I’ve made a film!
No, it’s not a remake of the wickerman, rather it’s a tribute to the Shetland tradition of guizing in straw costumes as seen through the eyes of a photography student and juxtaposed with archive sound recordings from one who remembers the now extinct custom.
You can read a little of the background of this project here, but basically the ethnologist in me was fired up to research Skeklers, but instead of satisfying my need for knowledge, I am still scratching my head.
The guizer – dressed in straw and ribbons, with blinded face and disguised voice – was first mentioned in Samuel Hibbert’s, Description of The Shetland Islands in 1822, but even then the tradition was described as something which was dying out.
Any evidence of skekling is fragmentary, occurring only in visitor accounts and almost each one (found mainly in the mid-late 19th Century) states that the custom was only just clinging on. Here is one such visitor account from the 1850s, which describes the skeklers in their full glory!
“The kitchen was full of beings, whose appearance, being so unearthly, shook the gravity of my muscles and forced a cold sweat to ooze from every pore in my body…
…[they] stood like statues. One was far above the rest and of gigantic dimensions. eyes, mouth, or noses they had none, nor at least a trace of their countenance.
They kept up an incessant grunt — a noise partly resembling a swine or turkey cock. Their outer garments were as white as snow ans consisted of petticoats below and shirts on the outside with sleeves and collars. They were veiled and their headdresses or caps were about 18 inches in height and made of straw twisted and plaited. each cap terminated in three or four cones of a crescent shape. all pointing backwards and downwards with bunches of ribbons of every colour raying from the points of the cones.”
Once a common sight at Halloween and Christmas and New Year guizing, the skekler was also an honoured guest at the Shetland Wedding, where a group of characters – the ‘fragments’ tell us they had names such as Scudler, Gentleman, Fool & Judas – would enter the celebration and dance with the bride, blessing the union.
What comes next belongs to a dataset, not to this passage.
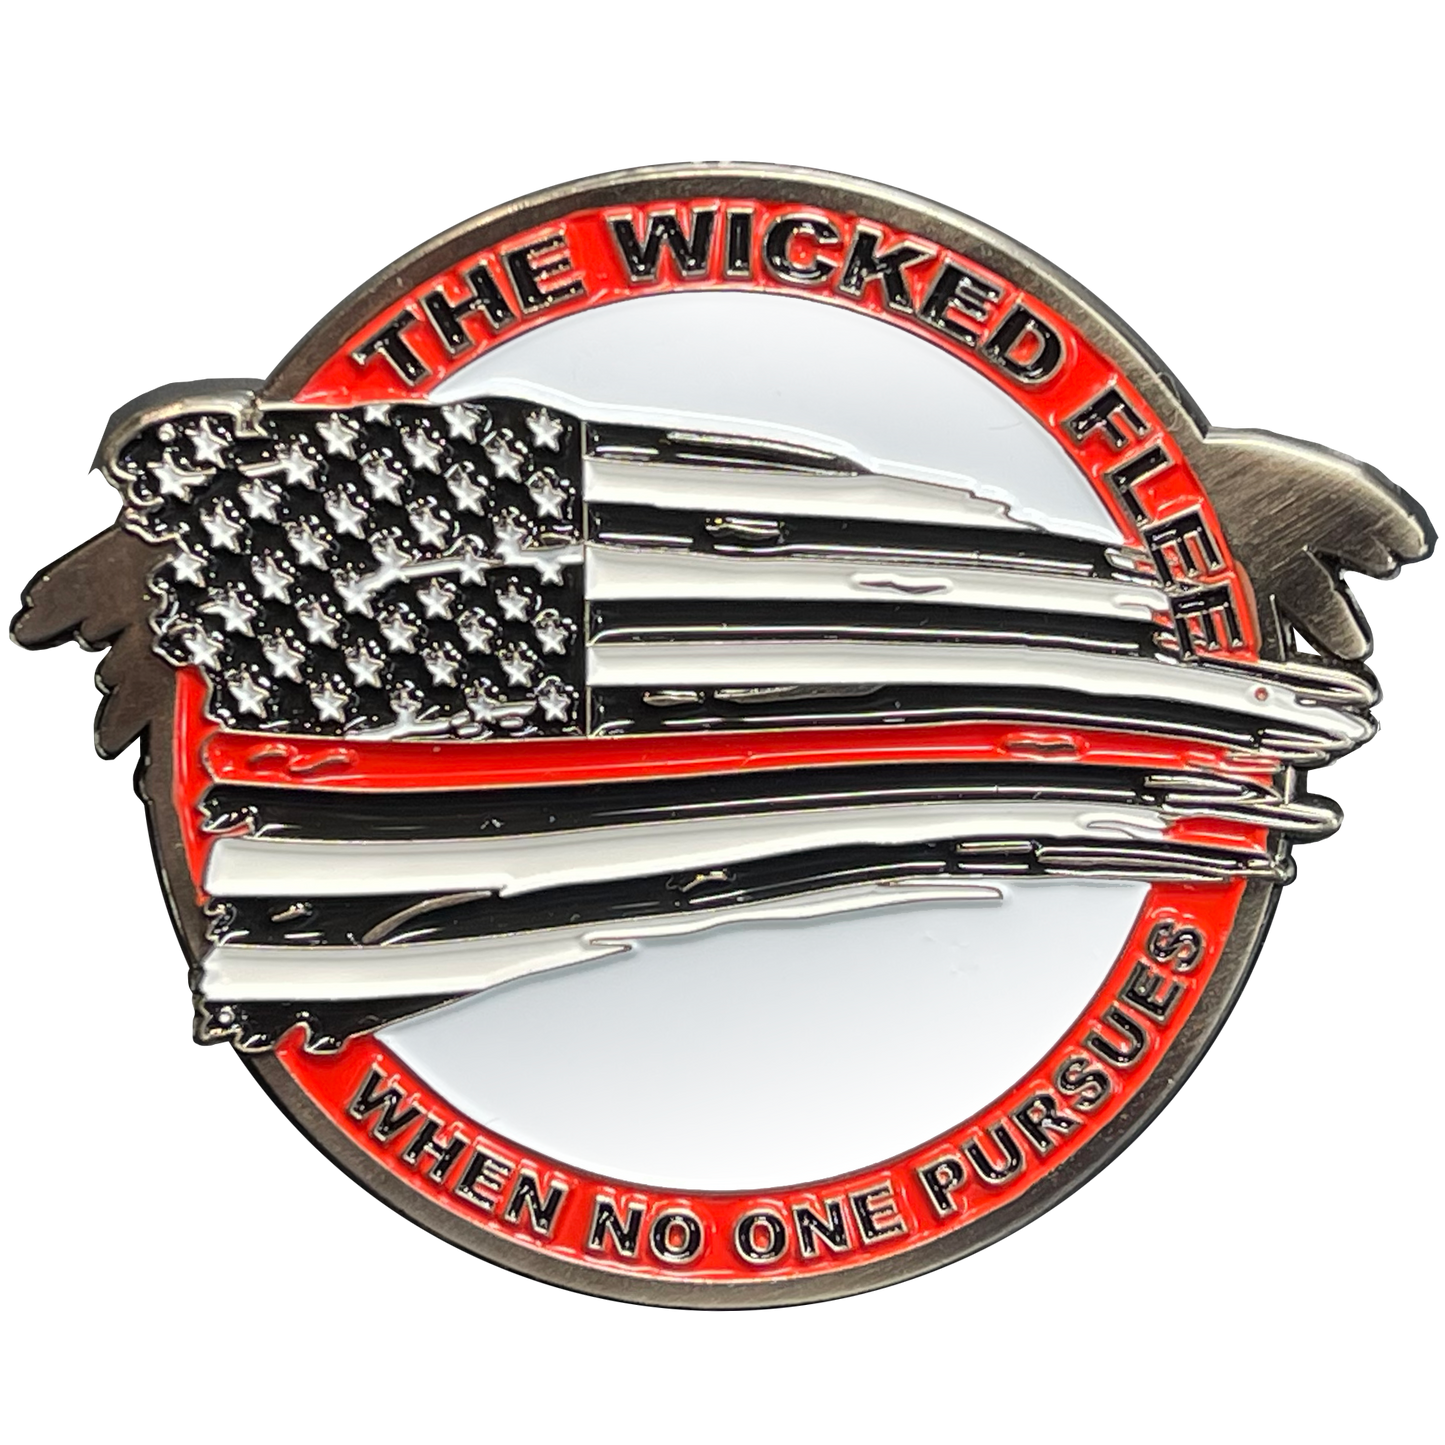 L-19 Thin Red Line Flag and Eagle Fire Fighter Challenge Coin Fire Department Fire House Firefighter

Again, they were dressed in straw, with their faces and voices disguised.
It is shame that the accounts of skekling only cover a finite period of time and over what seems to have been its demise. There is photographic evidence from the early 20th century of boys in Fetlar, who are dressed head to foot in straw. I wonder if the custom was passed on to the children in an attempt to keep it alive, much in the same way that the Papa Stour Sword Dance was taught to the boys on the Island in the 50’s/60’s to ensure that there were people to carry on the tradition, when the island suffered from depopulation.
Still, I don’t feel like I drew the short straw on this occasion (boom, boom!) I have been thoroughly captivated by the Skekler, much in the same way Gemma, the photographer in the film, has. It is nice to see someone from outside a tradition come in and look at it with new eyes and I hope she has the opportunity to bring her exhibition up to Shetland.
Clutching at Straws has been entered into Hansel of Film 2012, a short film festival which is travelling from Shetland to Southampton (and back) as part of the London 2012 Olympics celebrations.